TASK TO CARRY OUT>
Retype, exactly and completely, the listing that comes next, skipping its images.

STORED DATA>
◇ ◇ ◇ ◇

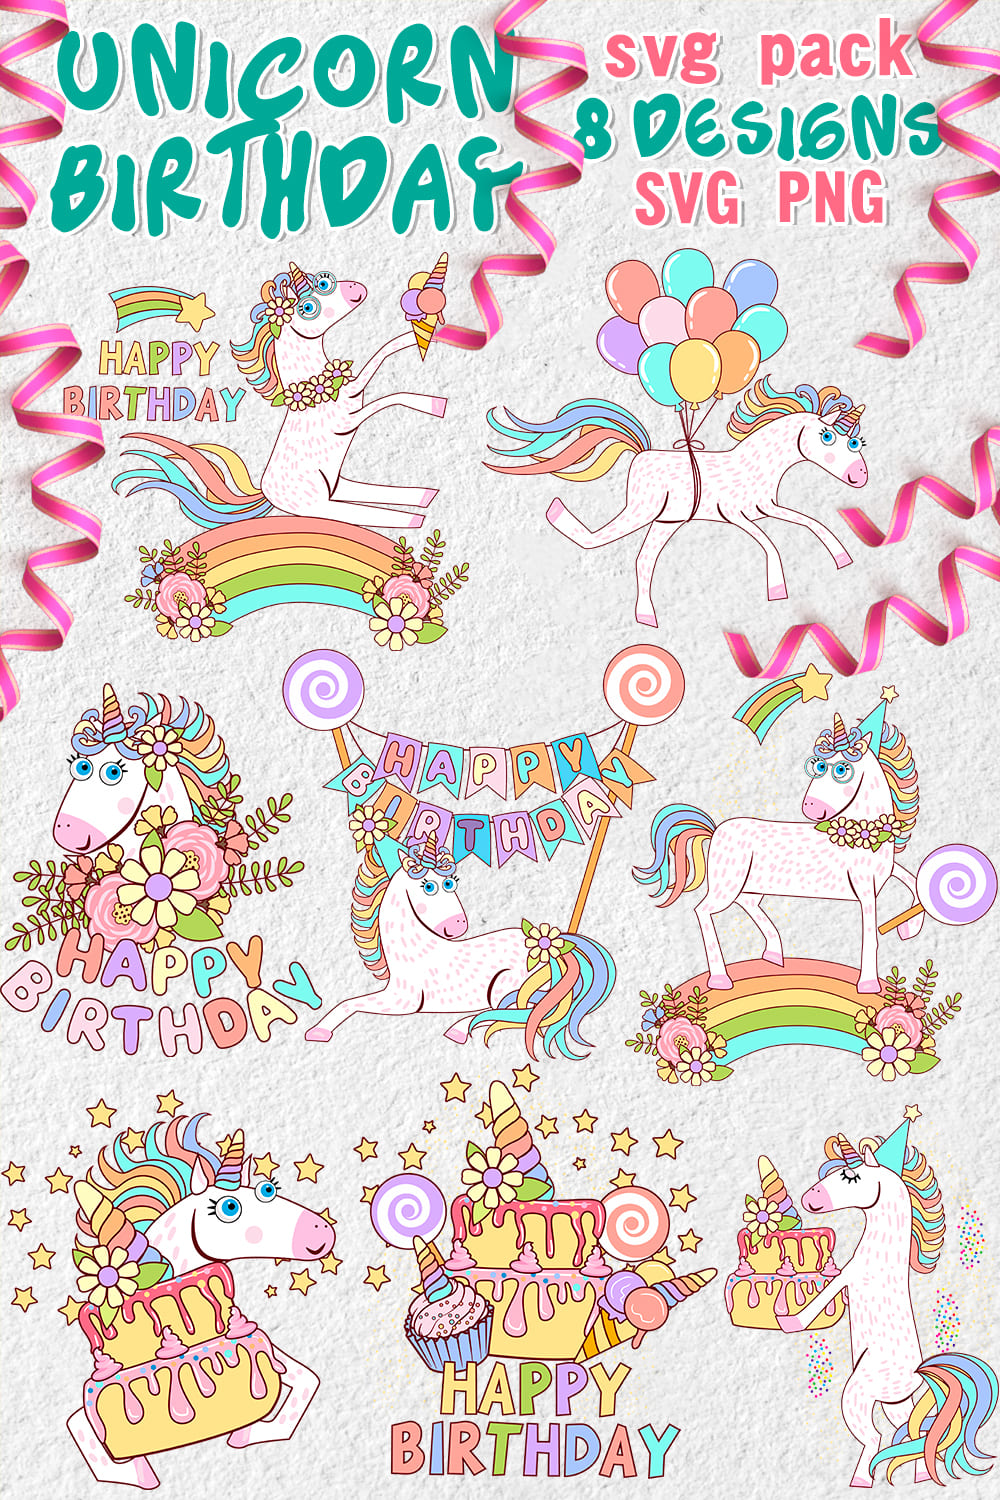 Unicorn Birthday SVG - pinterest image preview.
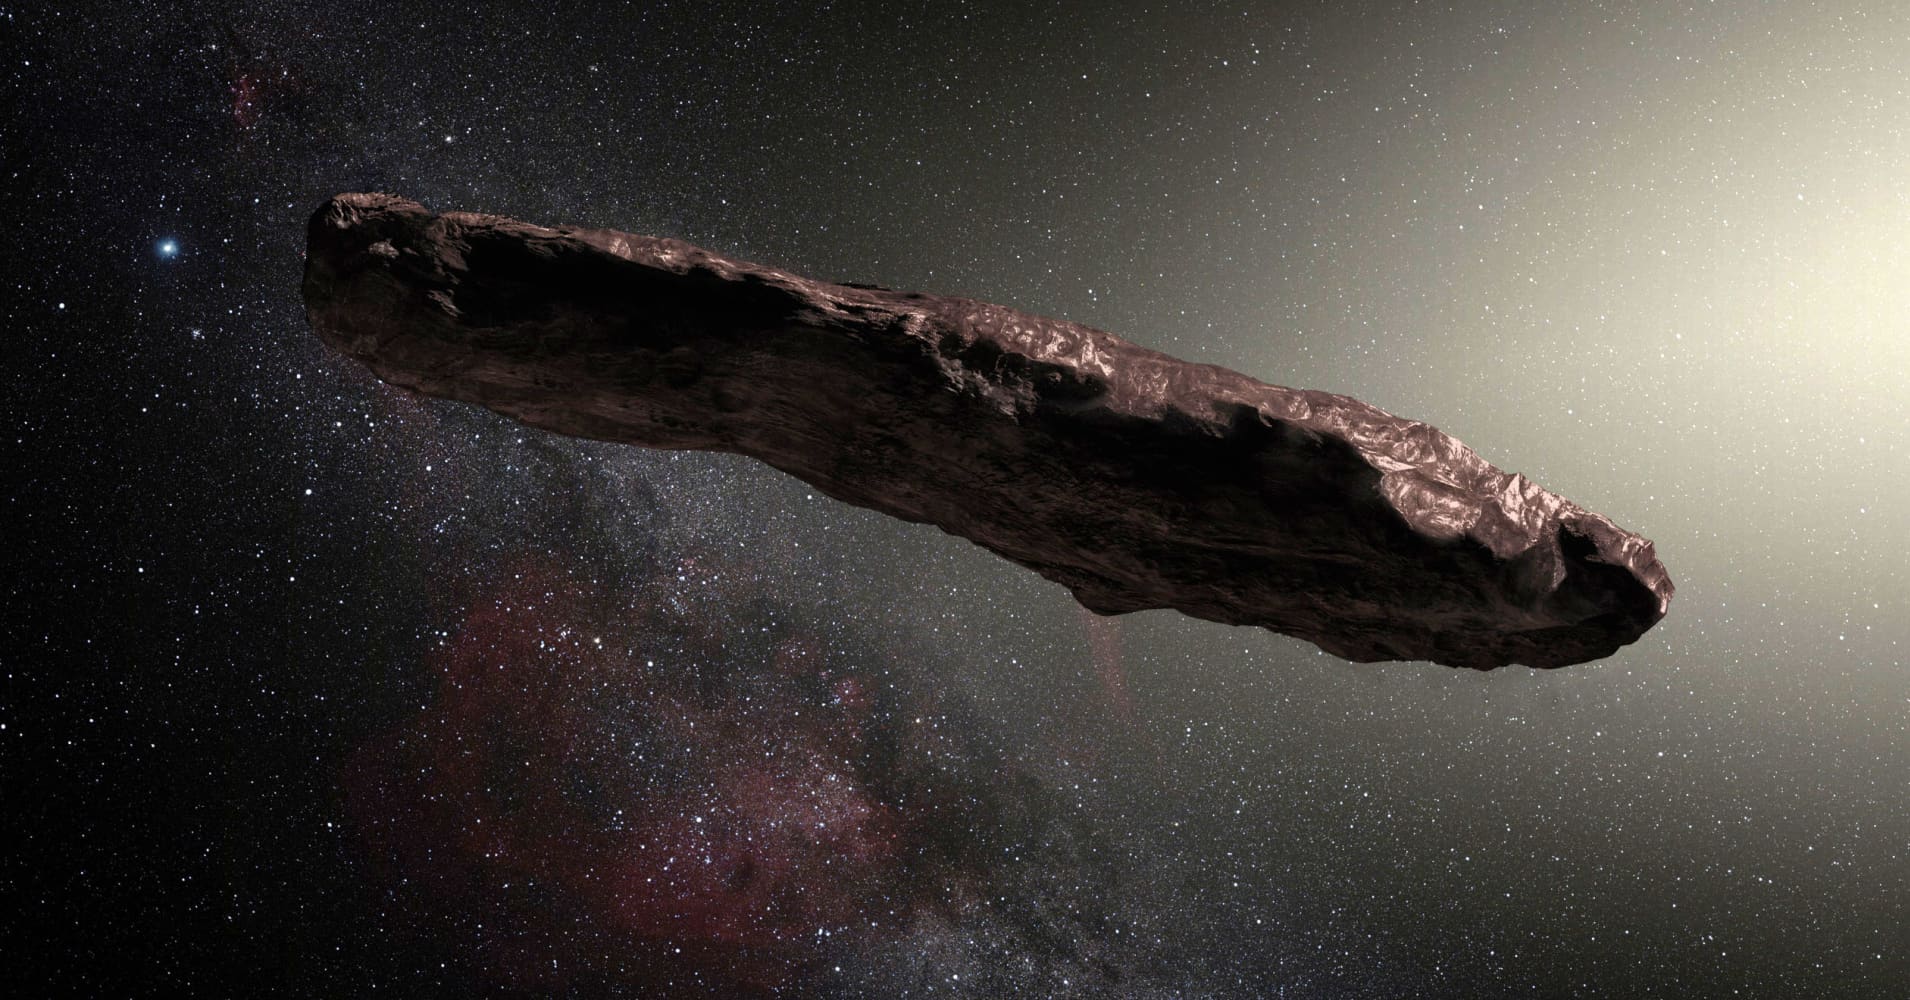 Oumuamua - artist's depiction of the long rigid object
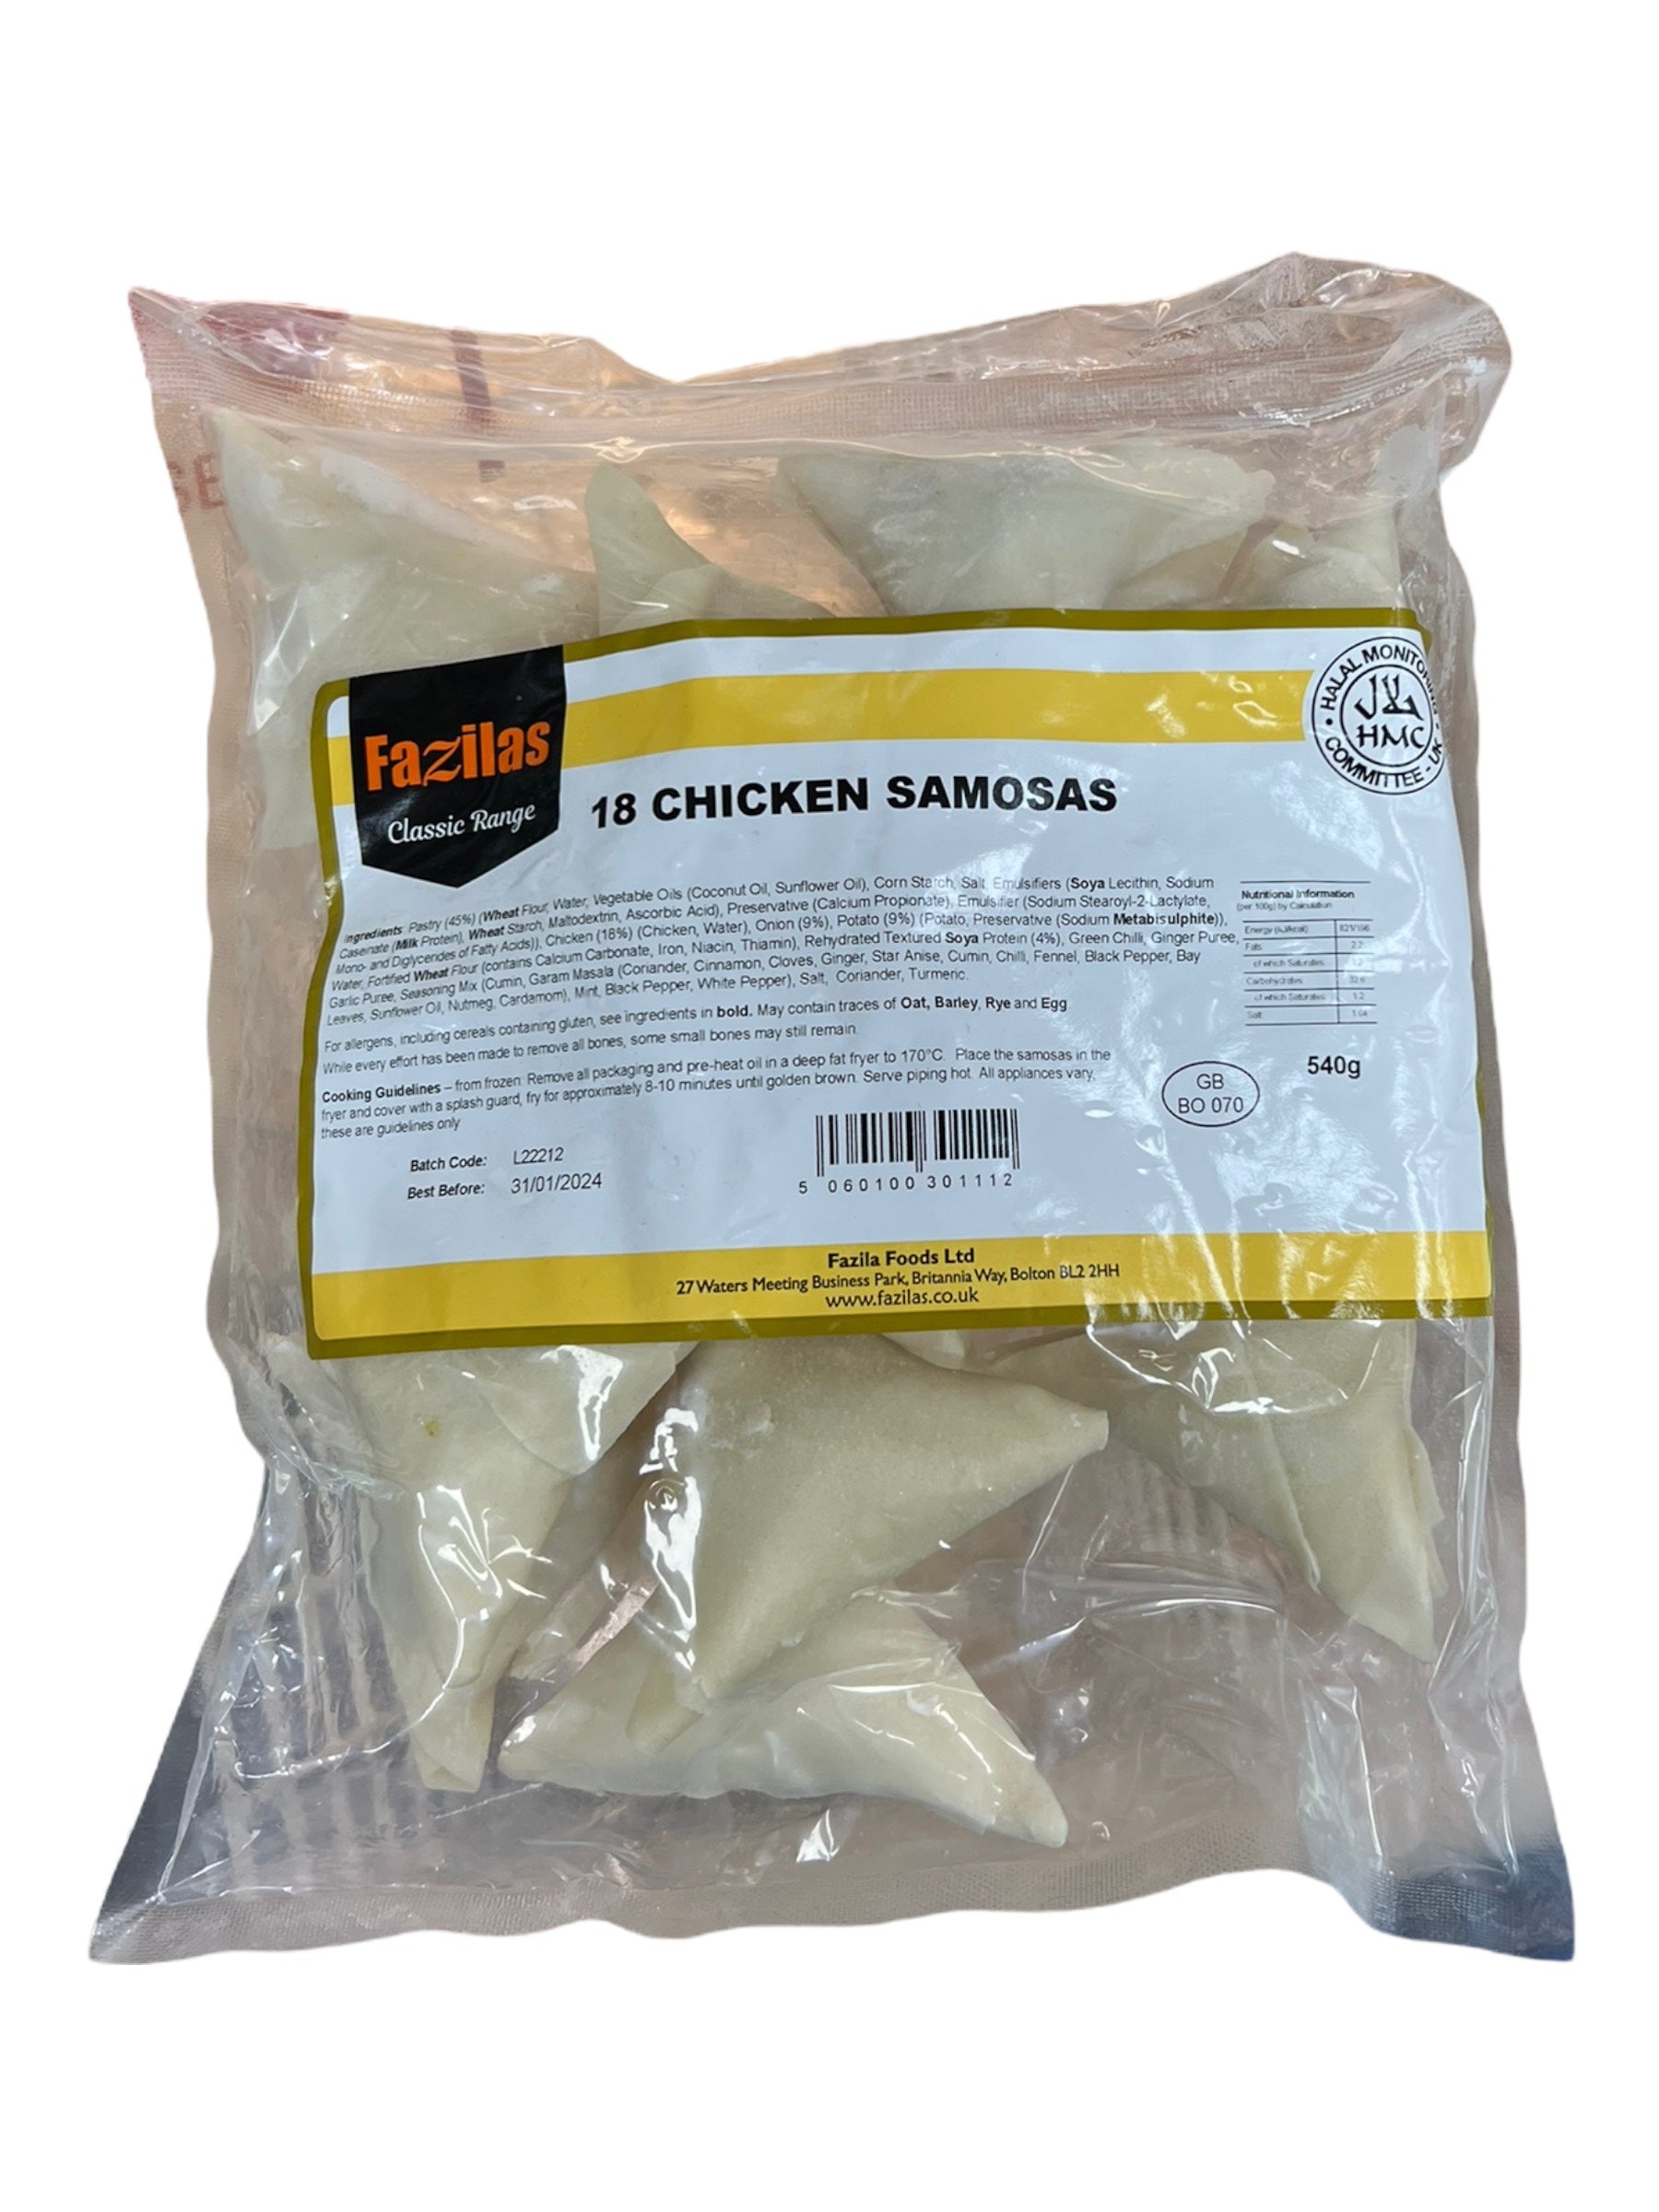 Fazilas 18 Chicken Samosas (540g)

◇ ◇ ◇ ◇

OUTPUT OF THE EXERCISE>
 Unicorn Birthday SVG - pinterest image preview.
 Oumuamua - artist's depiction of the long rigid object
 Fazilas 18 Chicken Samosas (540g)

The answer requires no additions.